Hier les soldats versaillais prenaient le château du Bécon, qui contrôle la route d’Asnières et de Courbevoie. Paris est de nouveau assiégé, pris en tenaille entre les prussiens qui occupent les forts du nord et de l’est, et les soldats de Versailles qui ferment le cercle. Mais la solidarité s’organise. Ce matin la Commune a publié deux motions de soutien que lui ont adressé les travailleurs anglais de l’AIT, et les délégués du peuple algérien qui a déclenché une insurrection !

Le « Père Trankil », zouave kabyle qui a rejoint la Commune, lundi 18 avril 2011 à la Butte aux Cailles (google map)

Alors qu’en province les grandes villes se soulèvent, en Algérie une insurrection réclame la Commune ! Le Père Trankil, croisé ce matin dans le XIIIème arrondissement, se félicite du communiqué des insurgés algériens qui a été publié ce matin. Déclarant « adhérer de façon la plus absolue à la Commune de Paris », il déplore que cette déclaration datée du 28 mars ne soit pas parvenue plus tôt à Paris. « Ainsi le peuple algérien a pris les armes à son tour, nous aurons bientôt la république universelle ! » Dans le texte, les délégués expliquent leur révolte en ces termes, inquiétants pour la réaction : « L’Algérie toute entière revendique les libertés communales ».

Elisabeth Dimitriev, Léo Frankel et Jaroslaw Dombrowki

Fidèle à la tradition internationaliste de 1848, la Commune encourage officiellement la participation les étrangers. Un juif hongrois, ouvrier bijoutier membre de l’AIT, est même élu au conseil de la Commune par le XIIIème arrondissement. Leo Frankel devient le délégué à la commission du Travail et de l’Échange, et participe à ce titre à l’oeuvre sociale de la révolution. La commission des élections qui valide son élection le 30 mars 1871, érige en principe la citoyenneté des étrangers, en considérant « que le drapeau de la Commune est celui de la République universelle« .

Parmi les étrangers engagés dans la Commune, beaucoup de militants de l’Internationale.
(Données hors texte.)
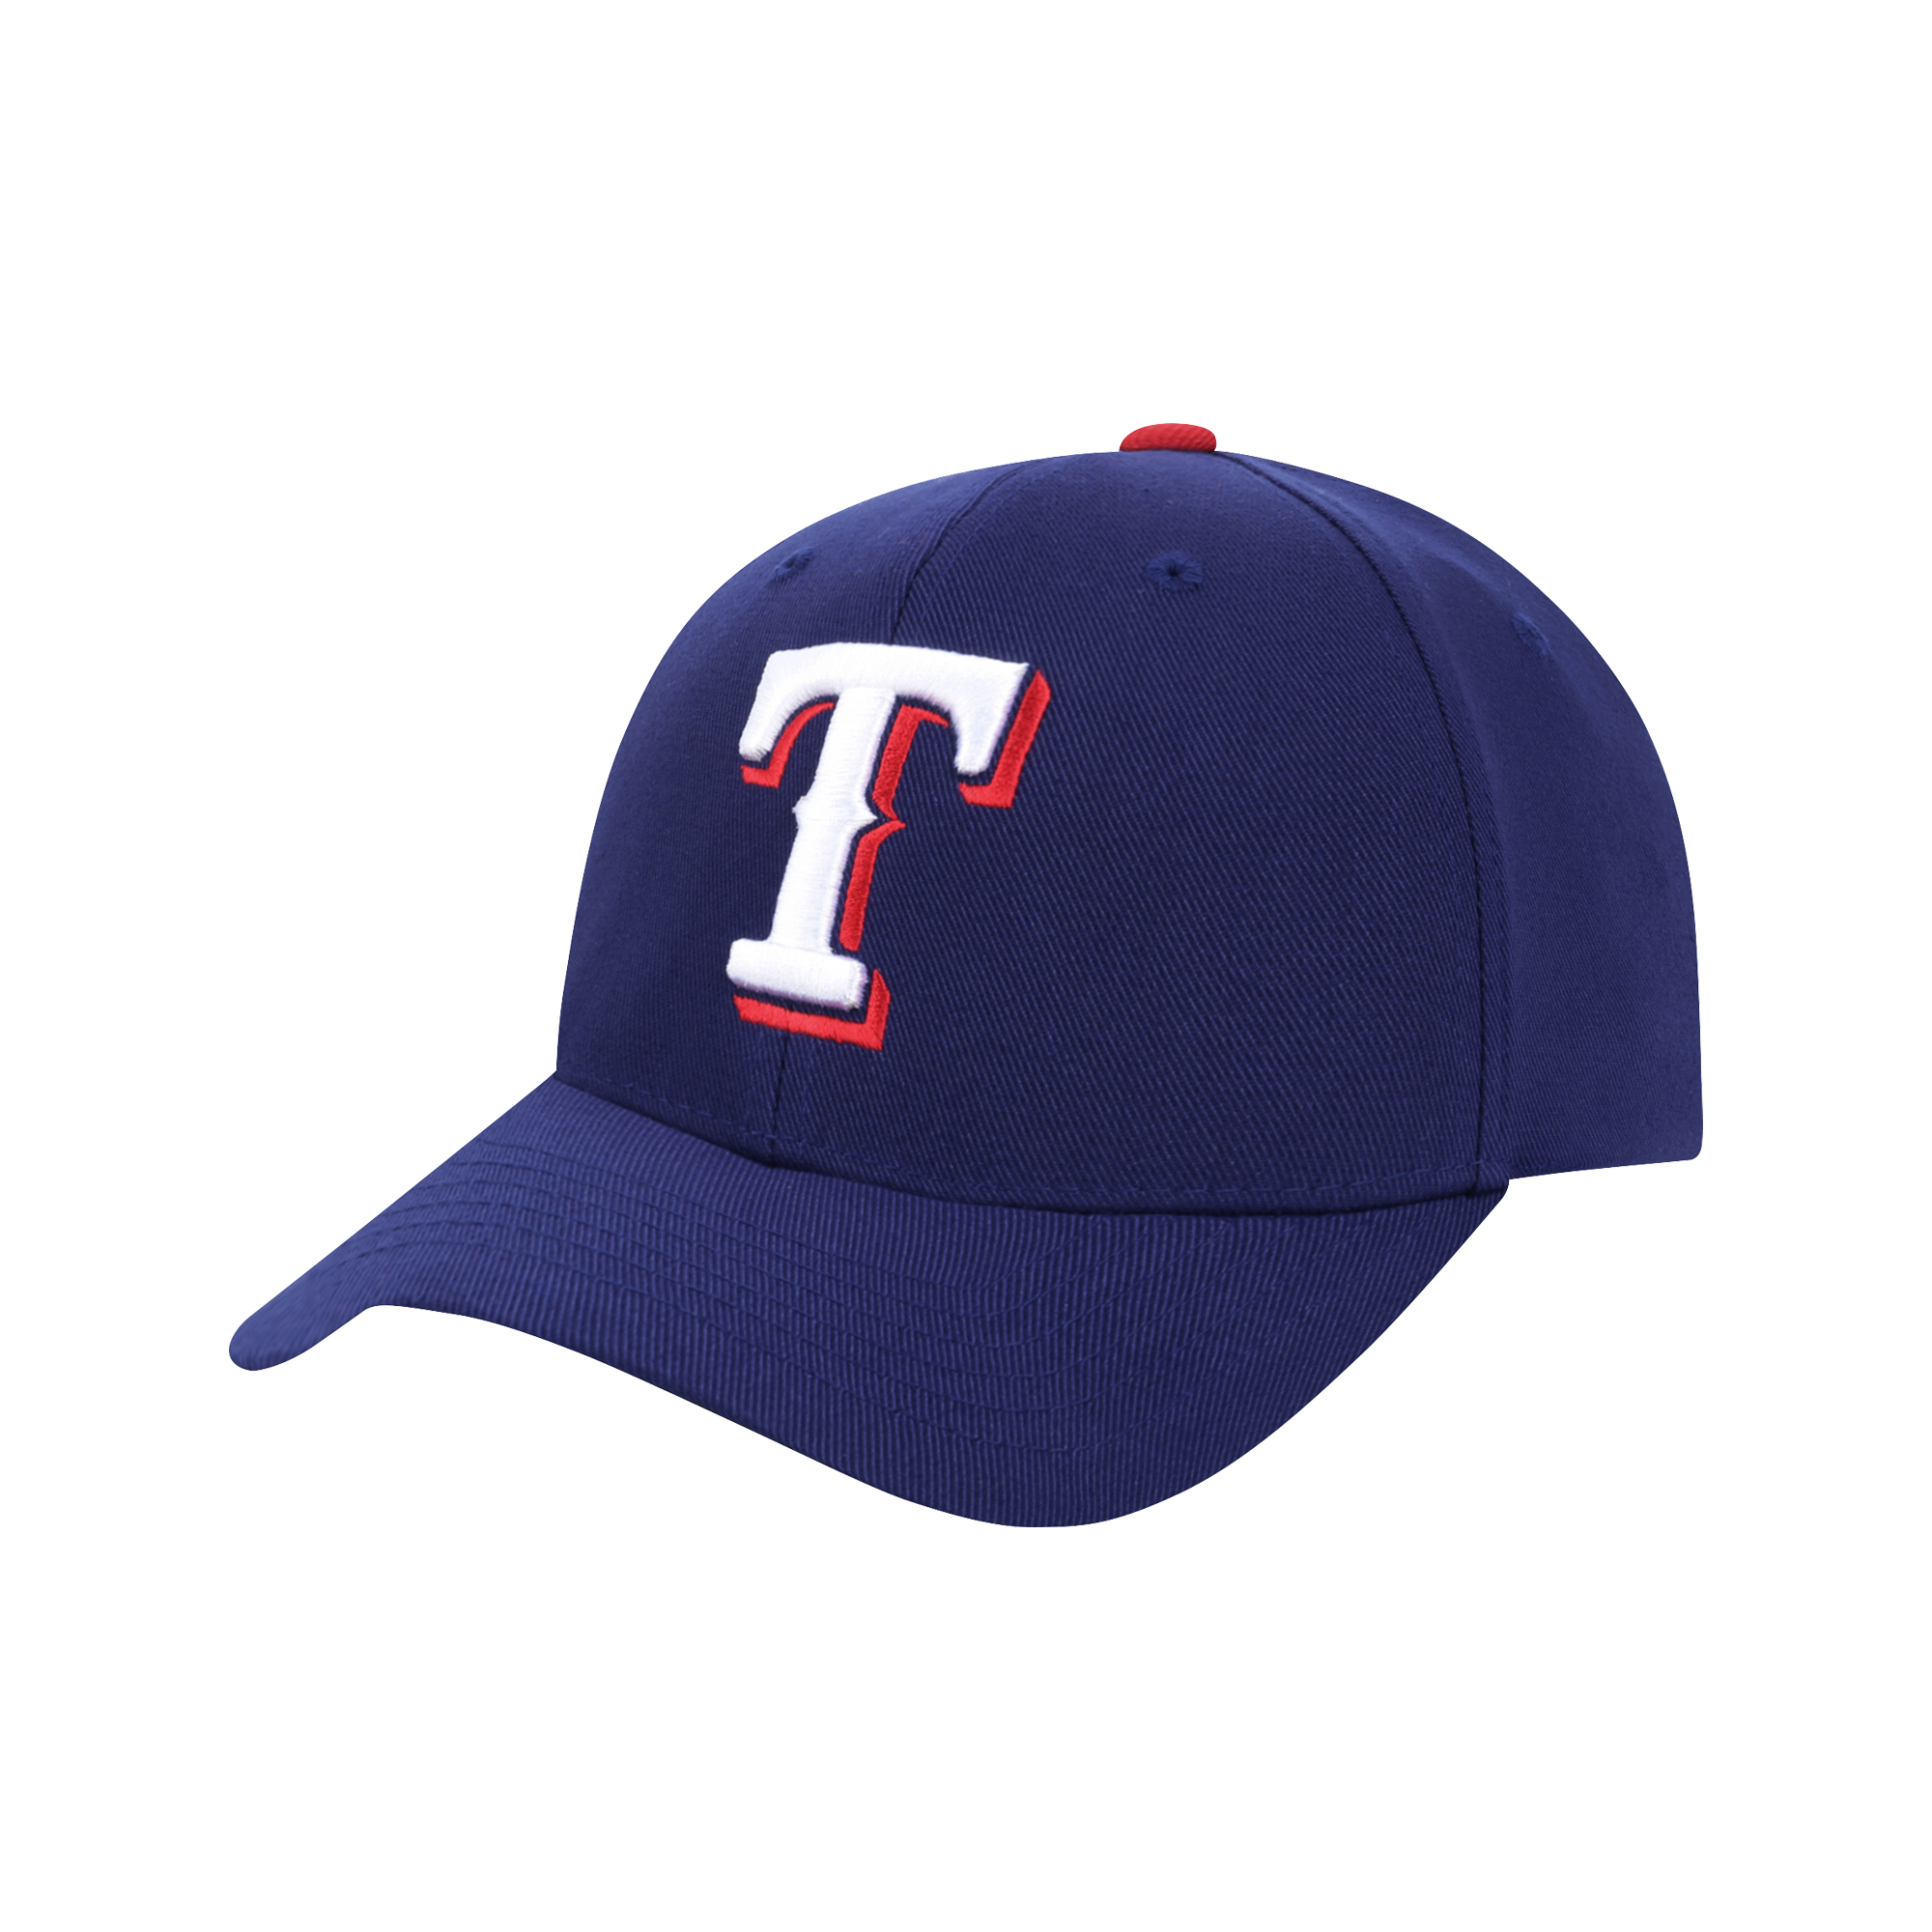 TEXAS RANGERS BATTER CURVED CAP
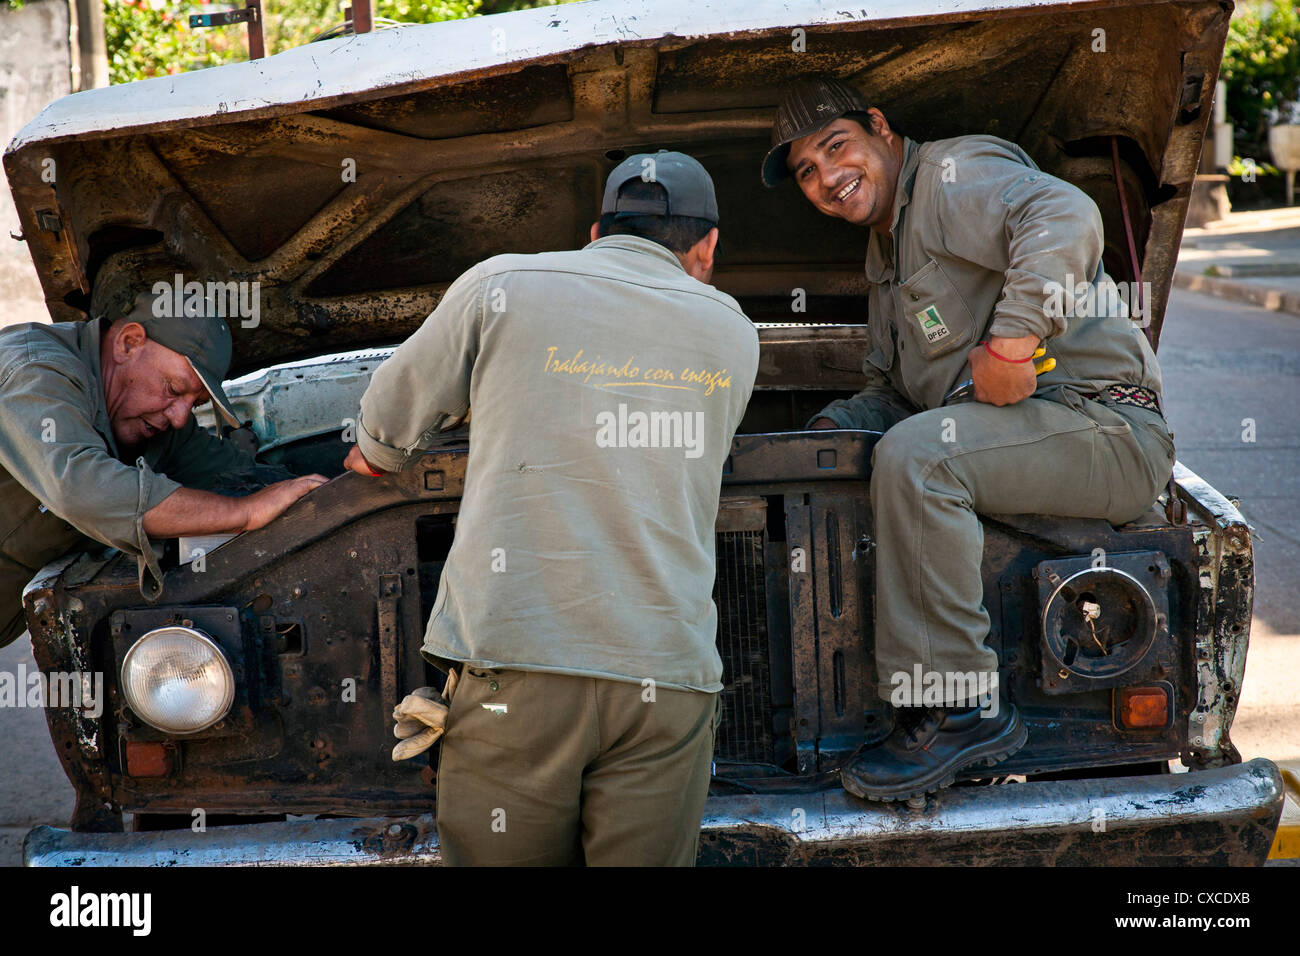 Kfz-Mechaniker, Mercedes, Provinz Corrientes, Argentinien. Stockbild

Comme Frankel, la jeune russe Elisabeth Dmitrieff est membre de l’AIT. À vingt ans à peine, elle a déjà voyagé en Suisse et en Angleterre. Lors de son séjour à Londres, elle se lie à Karl Marx qui l’envoie à Paris comme correspondante de l’Internationale, dès mars 1871. Le 11 avril, elle est l’une des femmes qui créent l’Union des Femmes pour la défense de Paris, dont elle est avec Natalie Lemel l’une des militantes les plus actives.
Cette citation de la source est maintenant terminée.